After you hear about the USDX, the first thing you probably wonder is how you can start using it for your trading strategy. The most traded pairs include the U.S. Dollar, and this is what you need to think about when you are looking for when you start to look at the USDX.
Several pairs include the U.S. Dollar including:
- EURUSD
- GBPUSD
- USDCHF
- USDJPY
- USDCAD
Many other currency pairs include the U.S. dollar in them. If you are trading with any of those currency pairs, then you need to look at the USDX.
When you have a less than clear outlook on the US Dollar, the USDX can be a great way for you to clarify some of the ideas about where it might be headed.
The USDX contains more than 50% of the Euro, so it is inversely correlated to the EUR/USD. Check out an overlay of the USDX (in blue) compared to the chart of the EURUSD (In yellow):
It is just like a mirror of each other. When one goes up, the other goes down, and vice-versa.

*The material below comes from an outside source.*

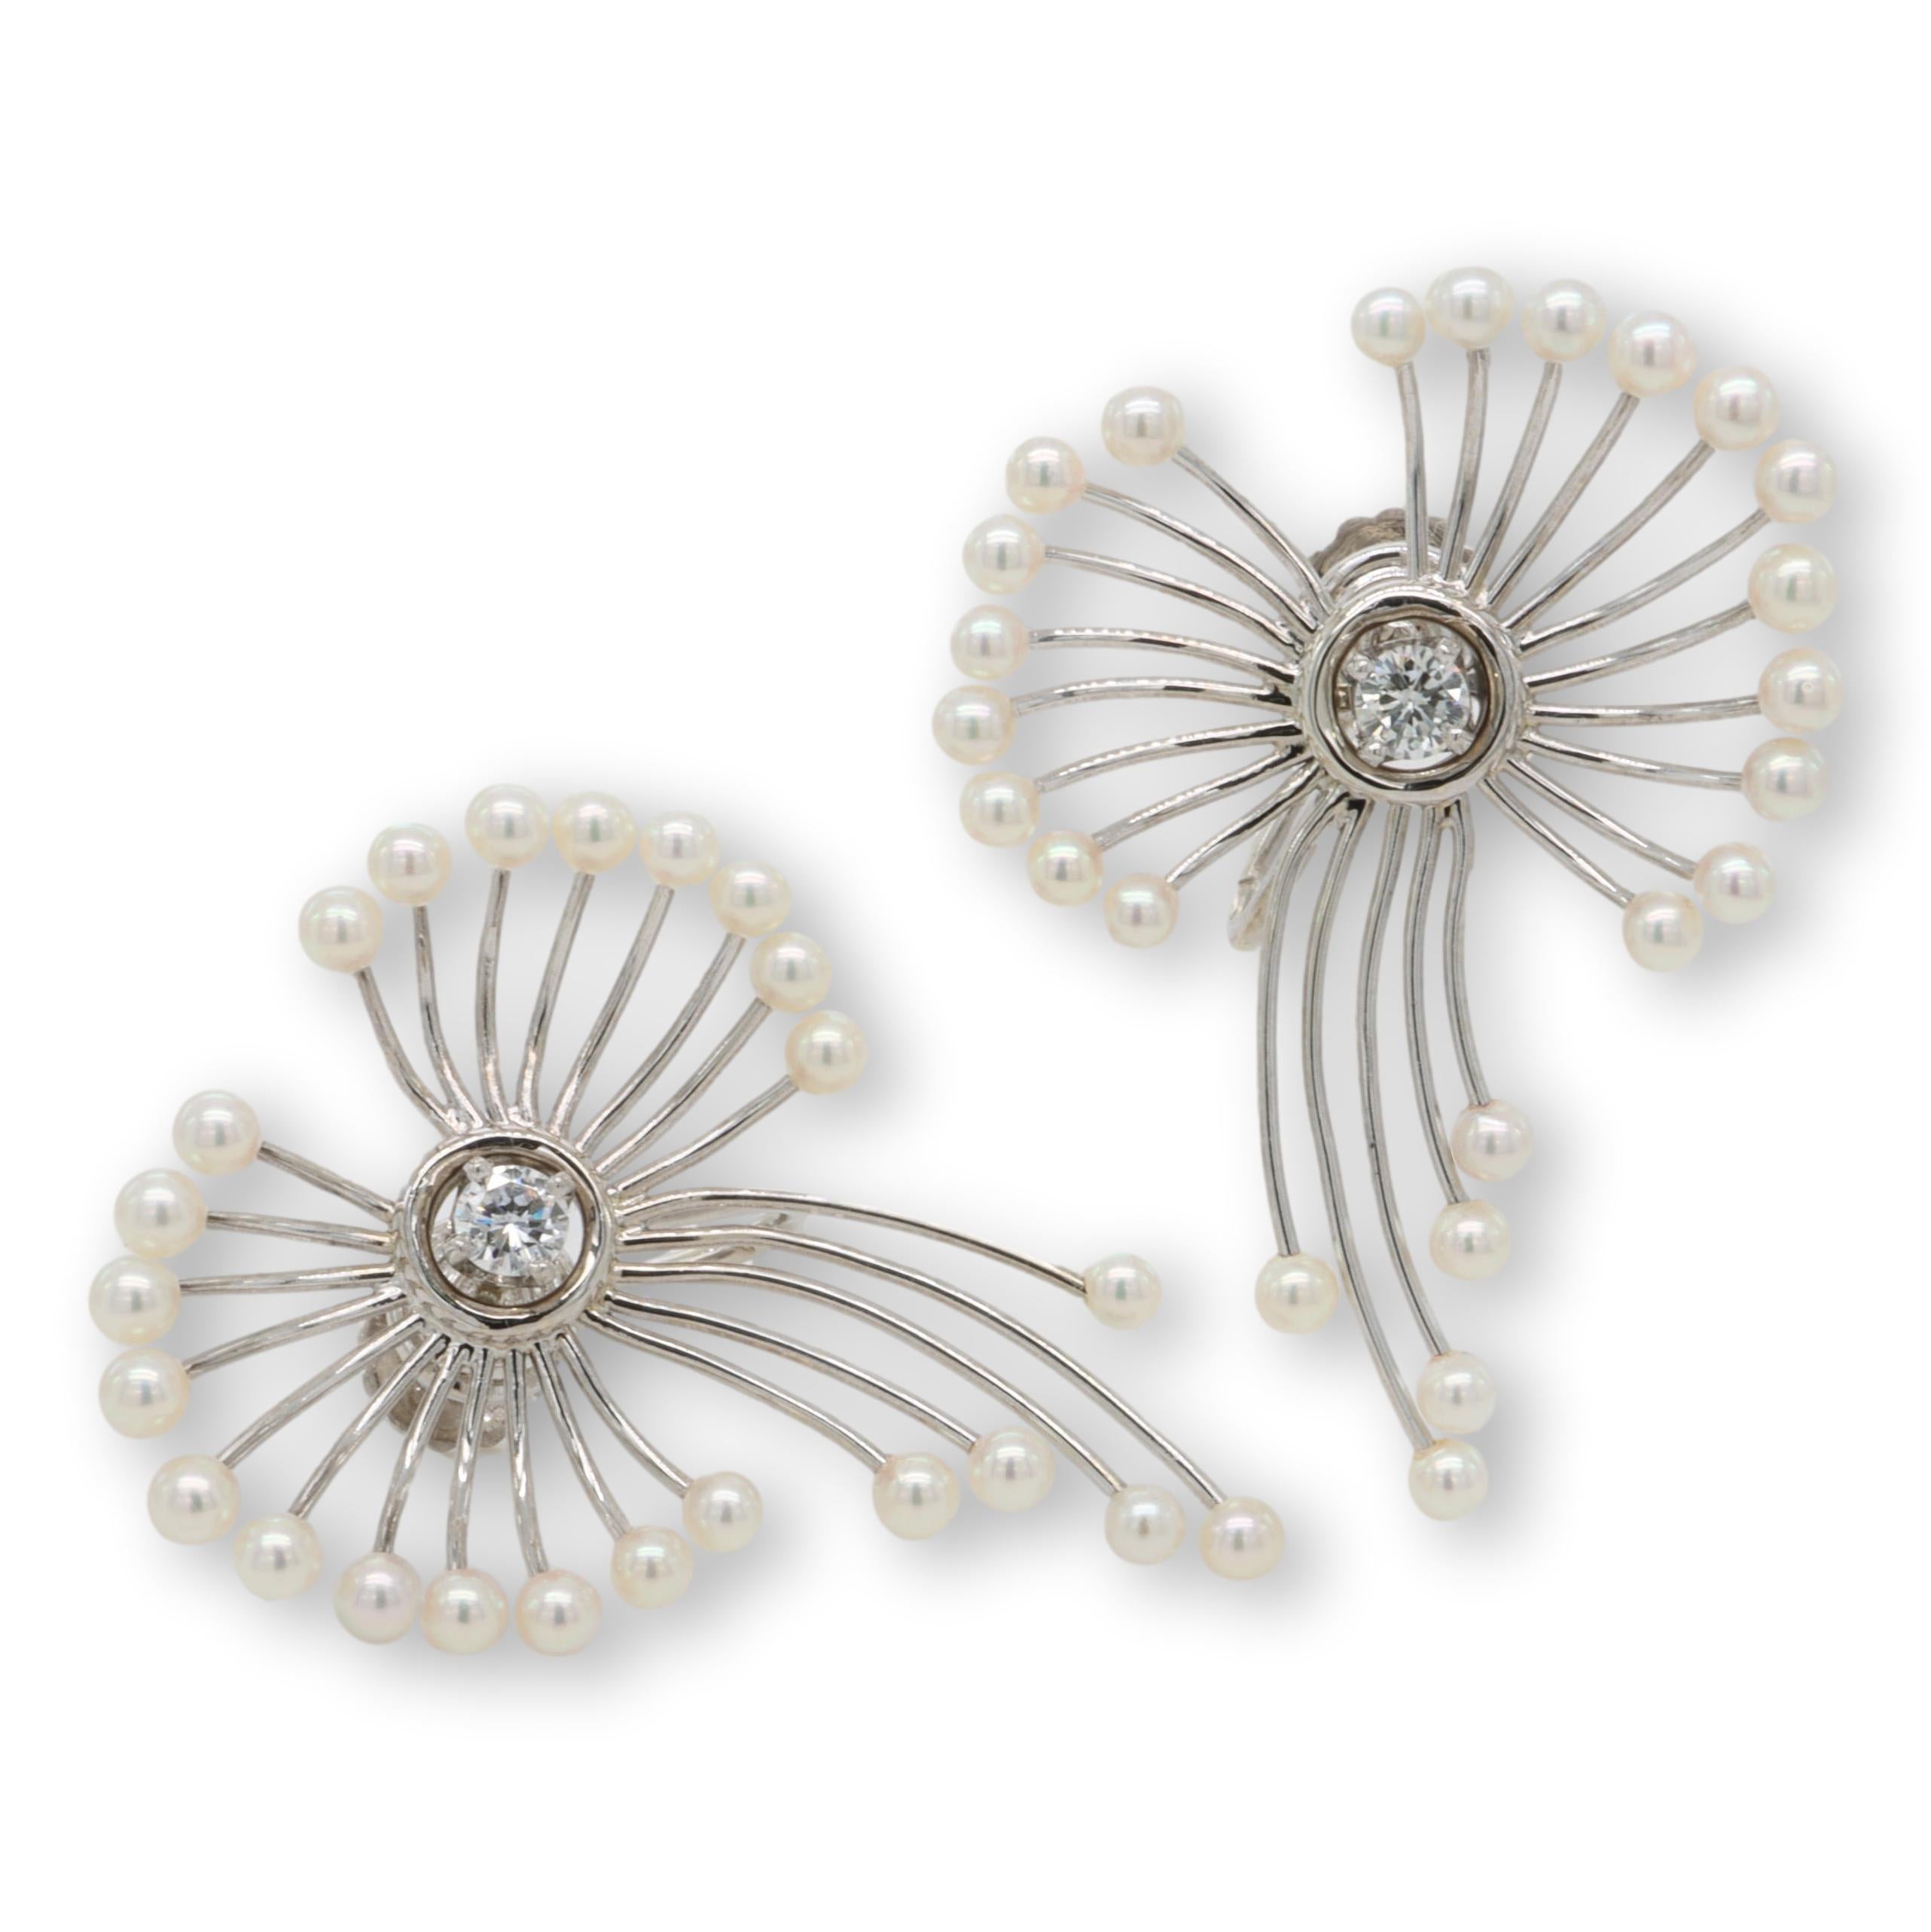 Vintage-Ohrringe aus 14 Karat Weißgold mit 2 runden Diamanten im Brillantschliff und 48 Akoya-Perlen von 2,6-2,8 mm Durchmesser mit rosafarbenem Lüster in offener Blütenform. Beide Ohrringe haben einen Vintage-Schraubverschluss. Mit dem Metallgehalt

The correlation between the USDX and EURUSD is so strong that there are people who monitor the markets who will use USDX as an inverse indicator of the EUR/USD pair.

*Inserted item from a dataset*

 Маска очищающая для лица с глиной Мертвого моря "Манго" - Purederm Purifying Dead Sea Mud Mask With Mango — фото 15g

Interestingly, both Forex traders and traders of the USDX index play off of each other. This means that both sets of traders will pay attention to the market of the other to see where they might need to take their market. If the USDX is getting stronger, then Forex traders may take that as a sign to dump their EUR/USD.
In total, the USDX is a great indicator of the strength of the US Dollar in general.
Keep this in mind if you happen to trade a pair like USDCHF. This is a pair with the dollar as the leader, and it is important to remember that when thinking about how it might correlate with the USDX. In this case, as the USDX gets stronger, so does USDCHF.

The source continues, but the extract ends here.